By Jake Howell jake.howell@utoronto.ca
The Torontonian reviews This Is Where I Leave You
Like a middling episode of House-Arrested Development, Shawn Levy’s This Is Where I Leave You—adapted from the Jonathan Tropper novel of the same name—is a dysfunctional family dramedy lacking in laughs and an emotional punch to really bring it home. The film gets by on its likable cast, but the fact that this film merely passes despite such a talented crop of comedic talent should speak to a general failure, or at least a sense of disappointment.
Starring as Judd Altman (the surname not a nod to the iconoclast director), Jason Bateman here more or less reprises earlier iterations of Michael Bluth, the straight-man glue that holds his clan together. He’s been good at this character for years, and while I’m beginning to think he’s now typecast as such, Bateman’s focal point leads are usually strong. This film is no exception.
But this is an ensemble comedy, so acting beside Bateman are Tina Fey (sister), Adam Driver, Corey Stoll (brothers), Jane Fonda (mother), Rose Byrne, and Timothy Olyphant (external love interests). Following the death of their father, the Altman family is finally reunited under the same roof to sit Shiva, a seven-day ordeal that raises tensions and blood pressures for everyone involved. It’s an inoffensive premise that you’ve seen before and will continue to see again.
There are a few other actors here (Kathryn Hahn plays Stoll’s flighty wife), but in terms of talent squandered, there’s no flaw more glaring than underwriting a Tina Fey character. Fey’s turn in This Is Where I Leave You as a grinning alcoholic is, sorry to say, lamentably dull. Ben Schwartz steals what little show there is as “Boner,” the hip-with-it rabbi who despises his nickname the Altmans gave him in the past. It’s fun to see Jane Fonda’s matriarch get some laughs with her new “bionic” breast implants, but it’s a bit juvenile and attributes to the film’s overall tonal unevenness. Case in point: to relieve its half-hearted attempt at tackling serious family drama, this is a film where a running joke includes a toddler who loves to carry his potty around in the darnedest places and most inopportune times.

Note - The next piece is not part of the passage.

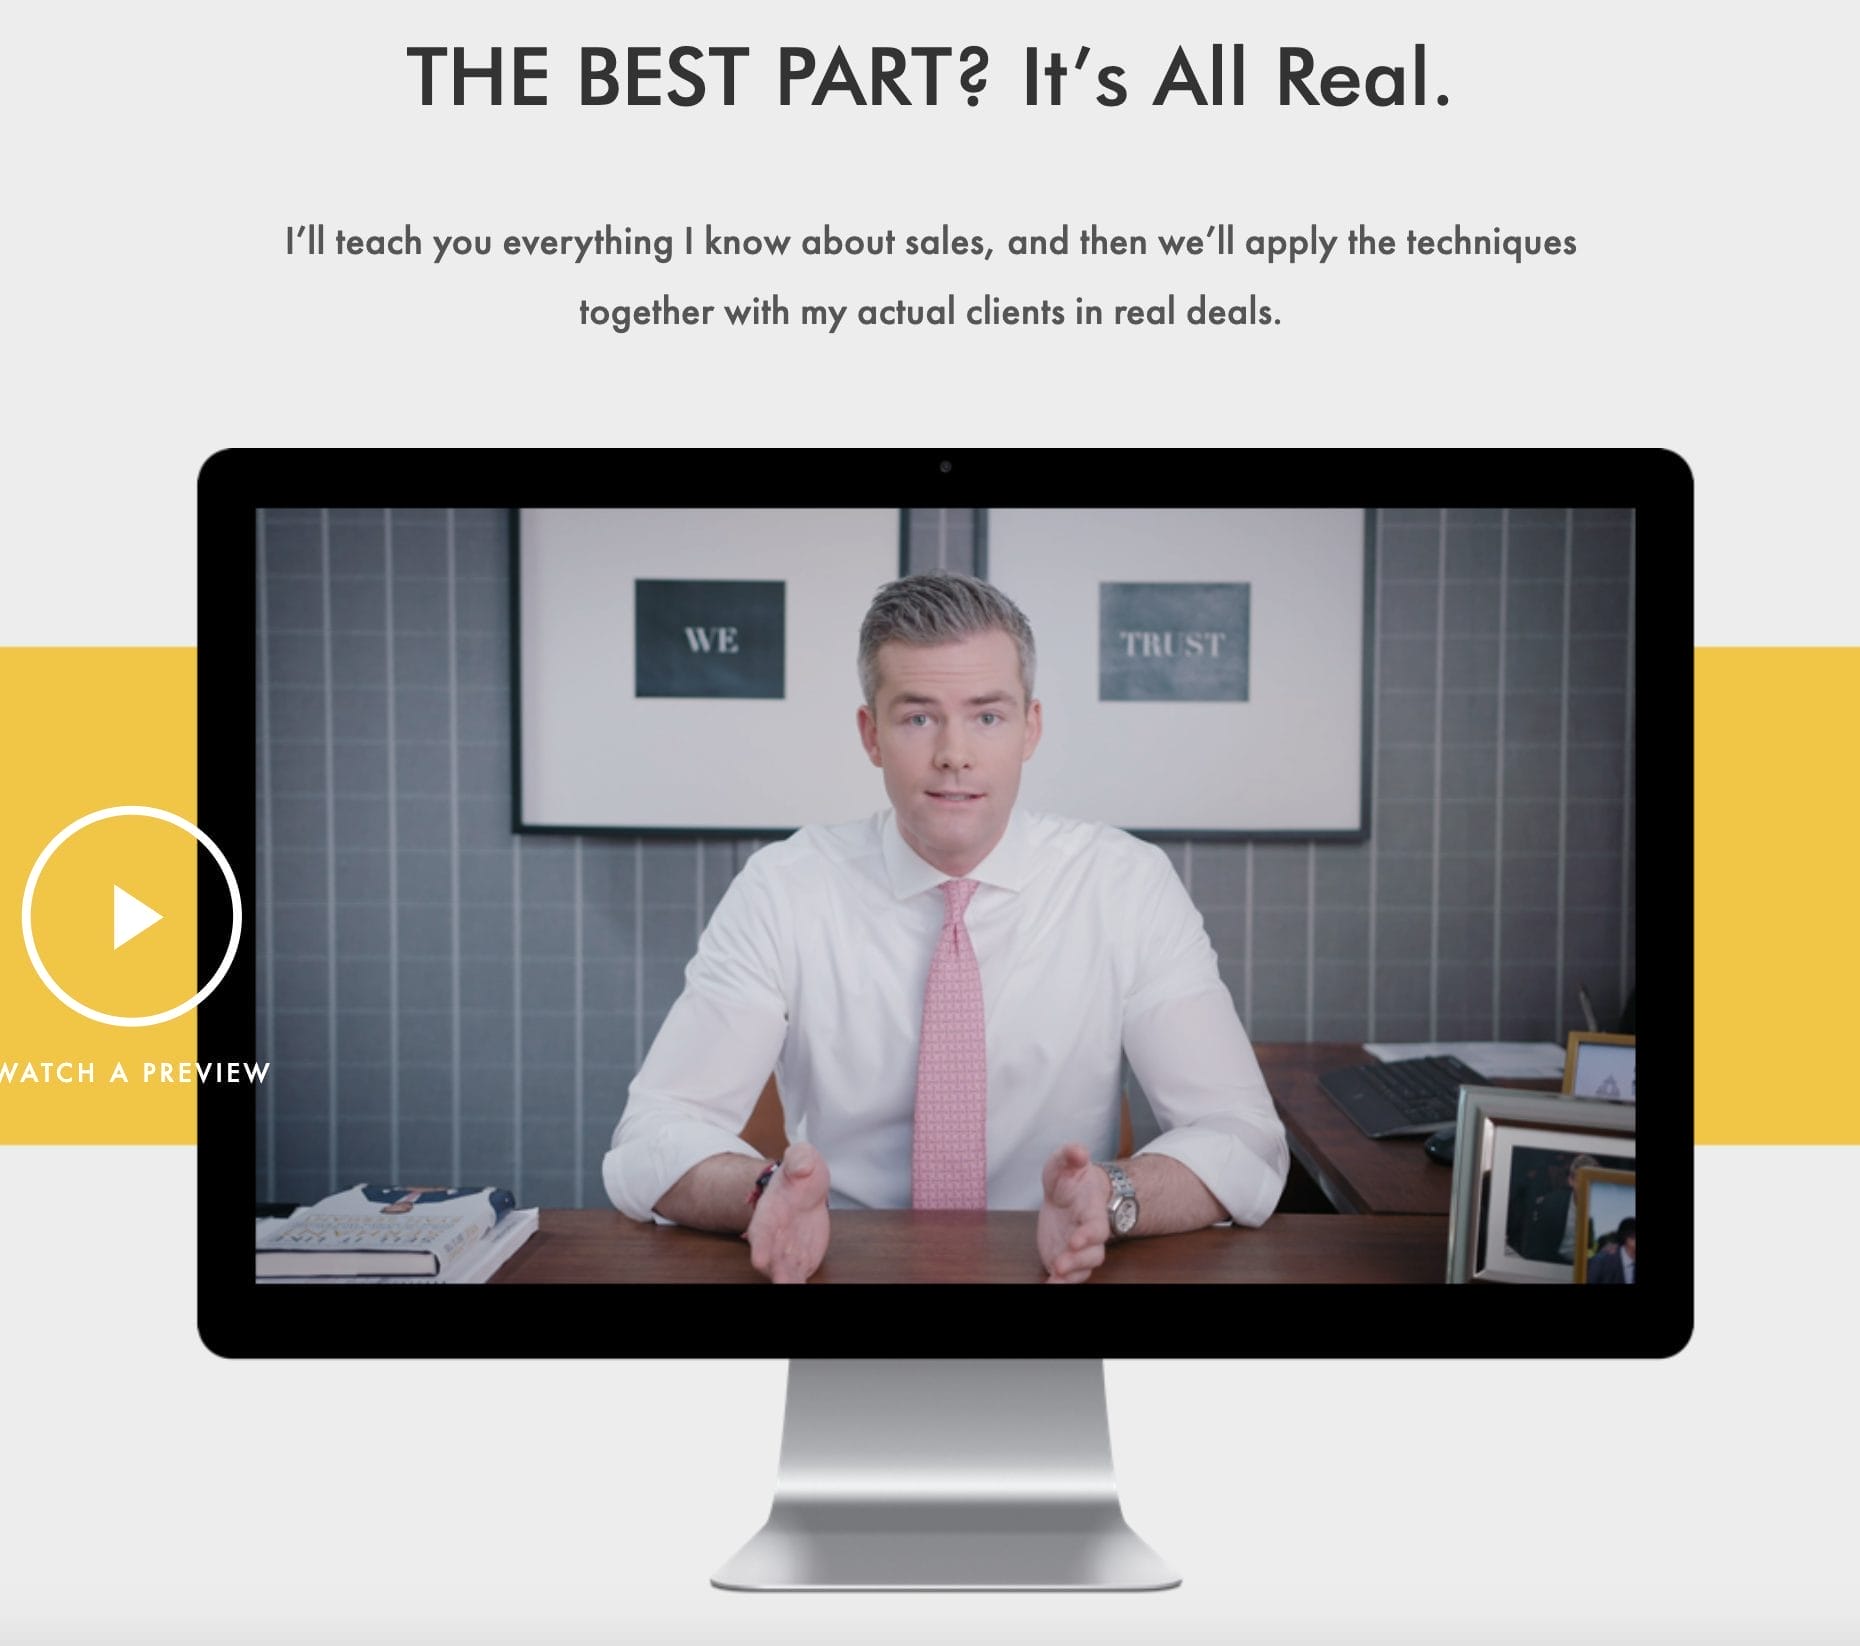 Ryan Serhant – The Ultimate Personal Brand Course

The kernels of sadder, more depressing family problems are all here—pecking-order in-fighting, the inability to have children, alcoholism, superiority complexes—but they’re all tinged with a wink and tongue-in-cheek asides, so it’s hard to really feel compelled to care. It’s odd, because this film isn’t funny but it’s not dreadfully unfunny, so we’re left in this shrug-worthy state of: yup, it’s harmless and watchable, which is true of many Shawn Levy films.